- **Assigned task**
Every line from the one with "14 de novembro" to the end of the listing below must be printed exactly, with no other text and no pictures.

- **Source material**
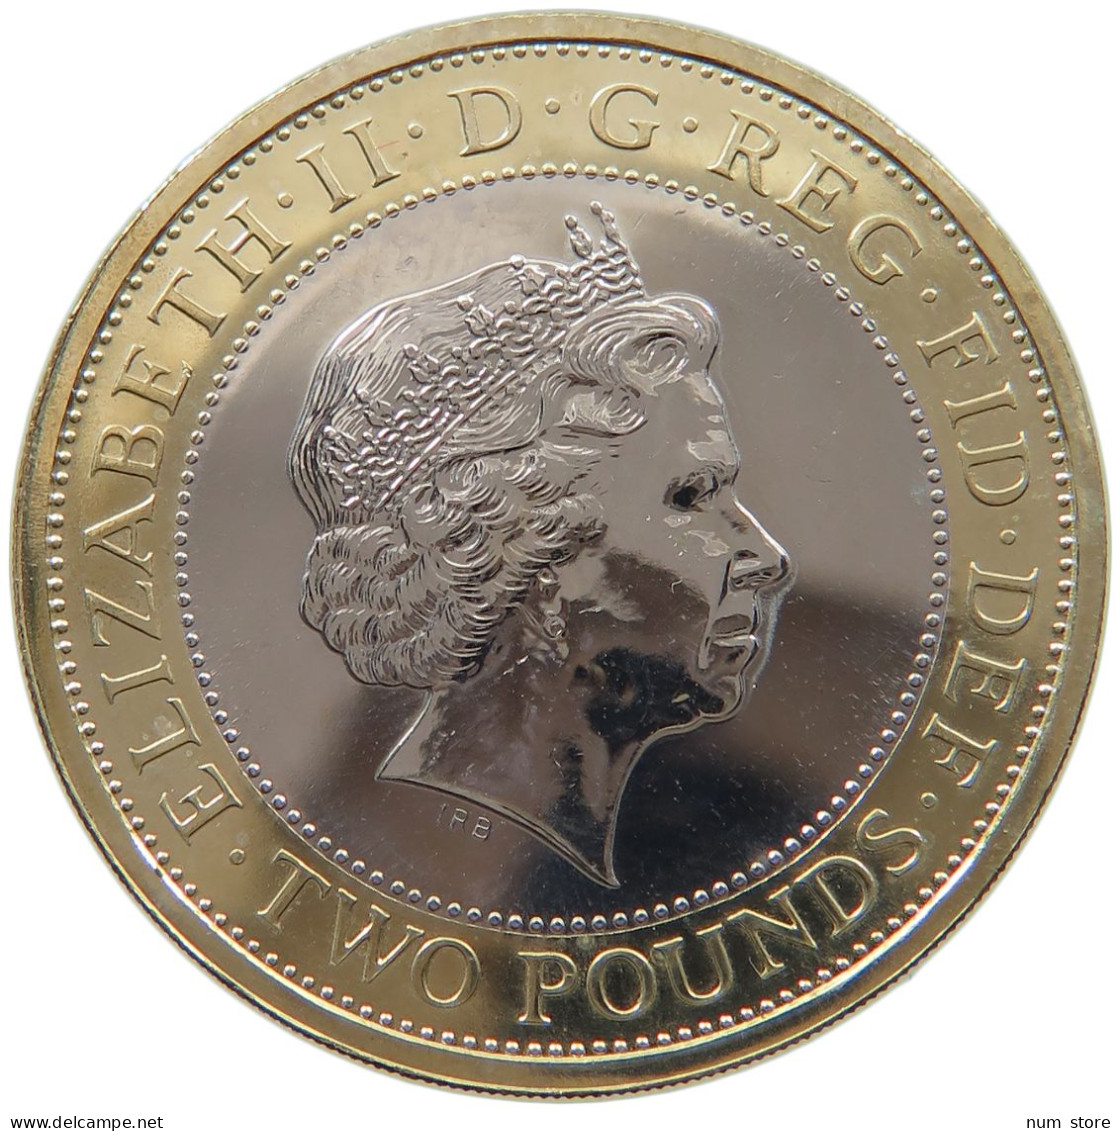 GREAT BRITAIN 2 POUNDS 2012 Elisabeth II. (1952-) LONDON BEIJING #c053 0307 - 2 Pounds
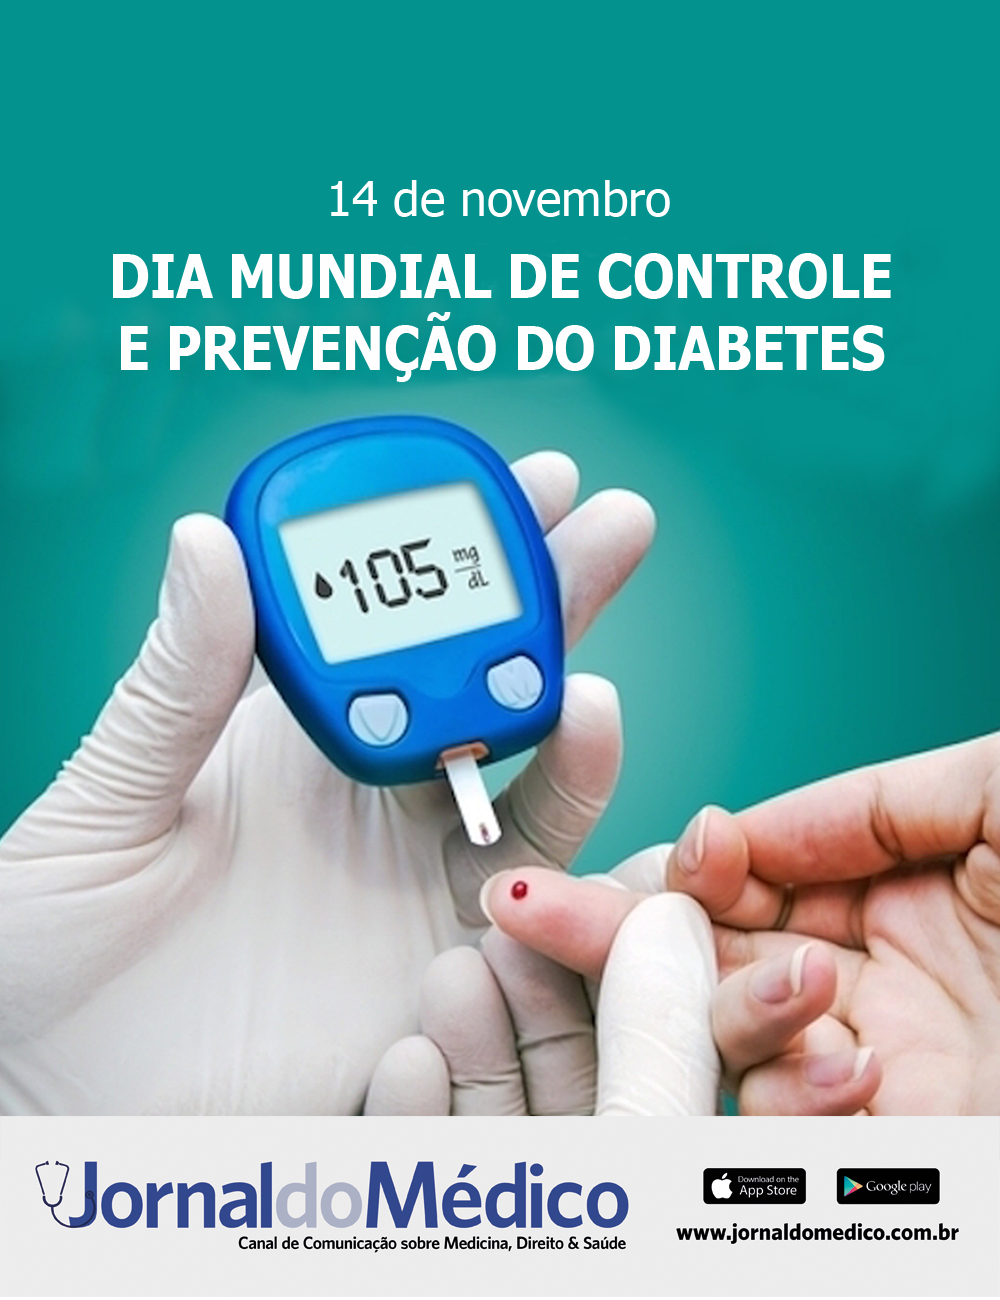 14 de novembro – Dia Mundial de Controle e Prevenção do Diabetes
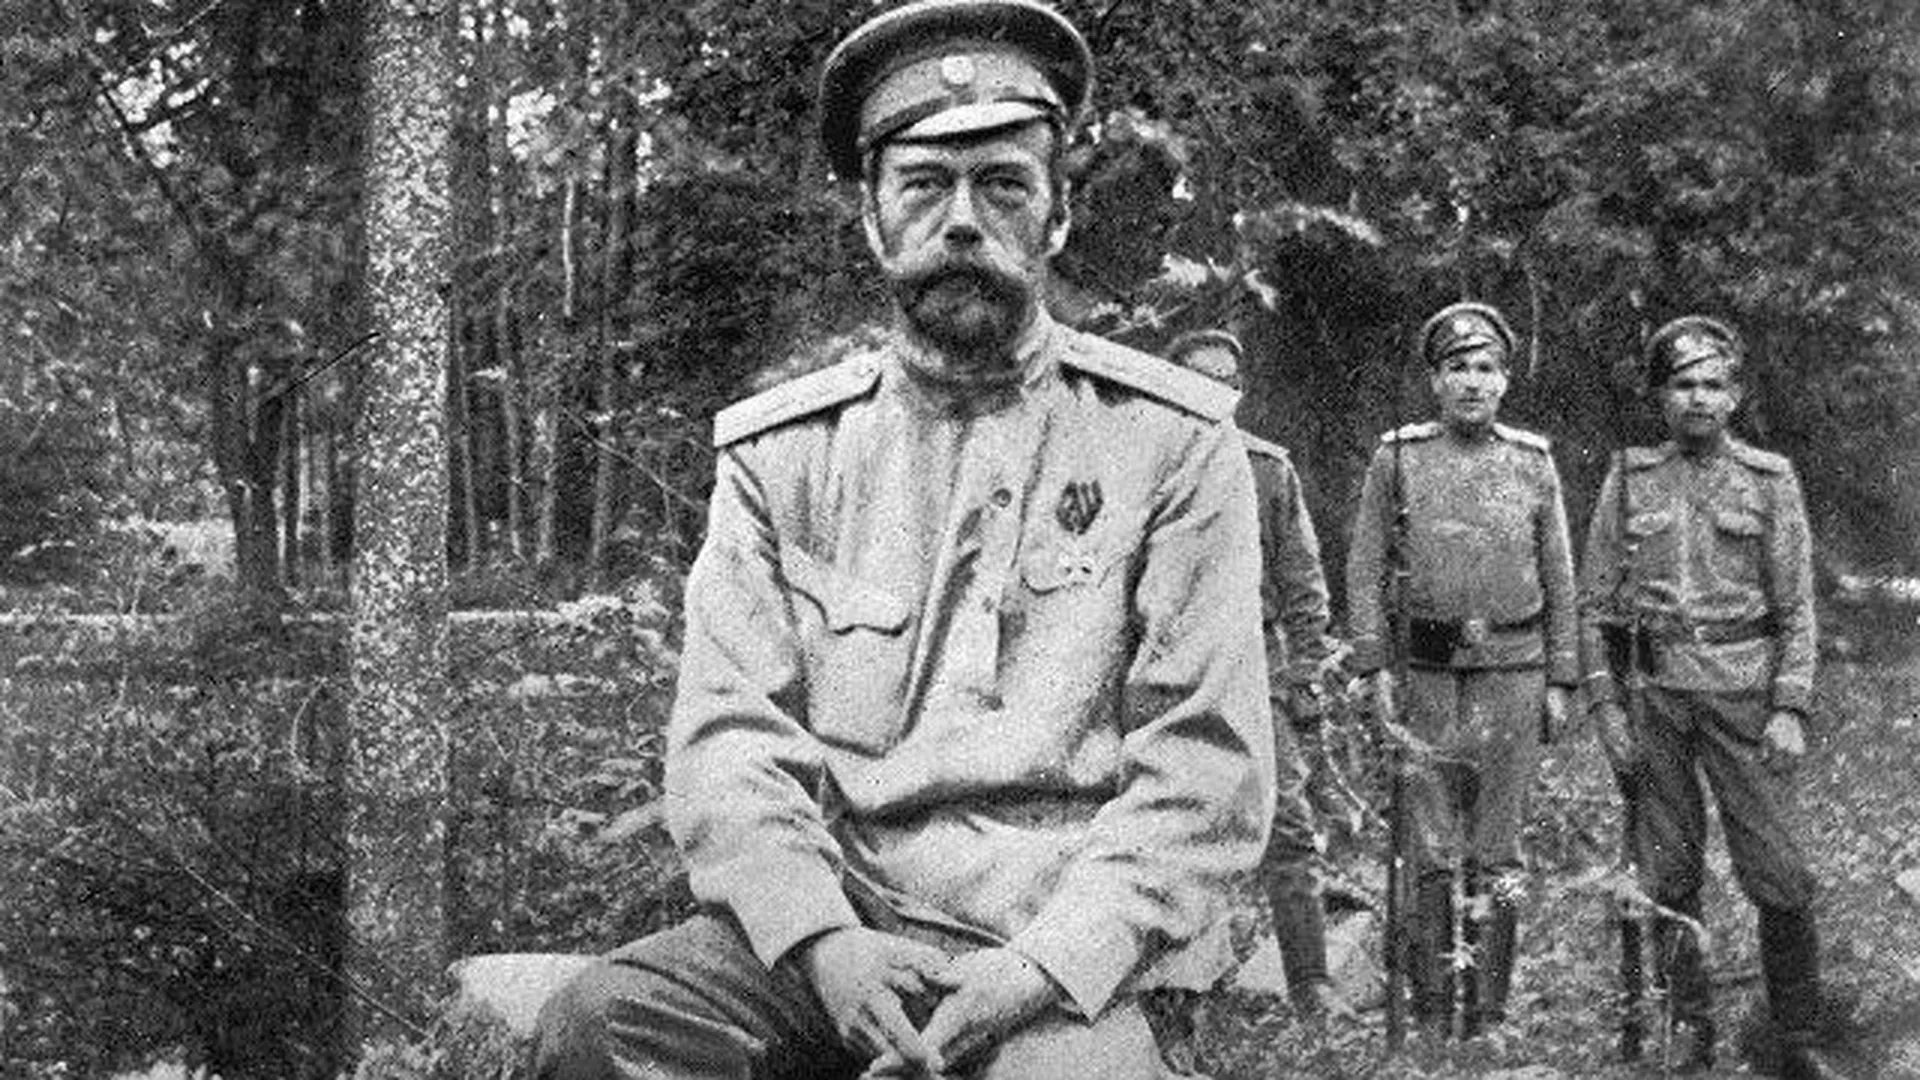 Личное мнение: не отрекаются, любя… 100 лет назад Николай II отрекся от престола

- **Solution below**
 14 de novembro – Dia Mundial de Controle e Prevenção do Diabetes
 Личное мнение: не отрекаются, любя… 100 лет назад Николай II отрекся от престола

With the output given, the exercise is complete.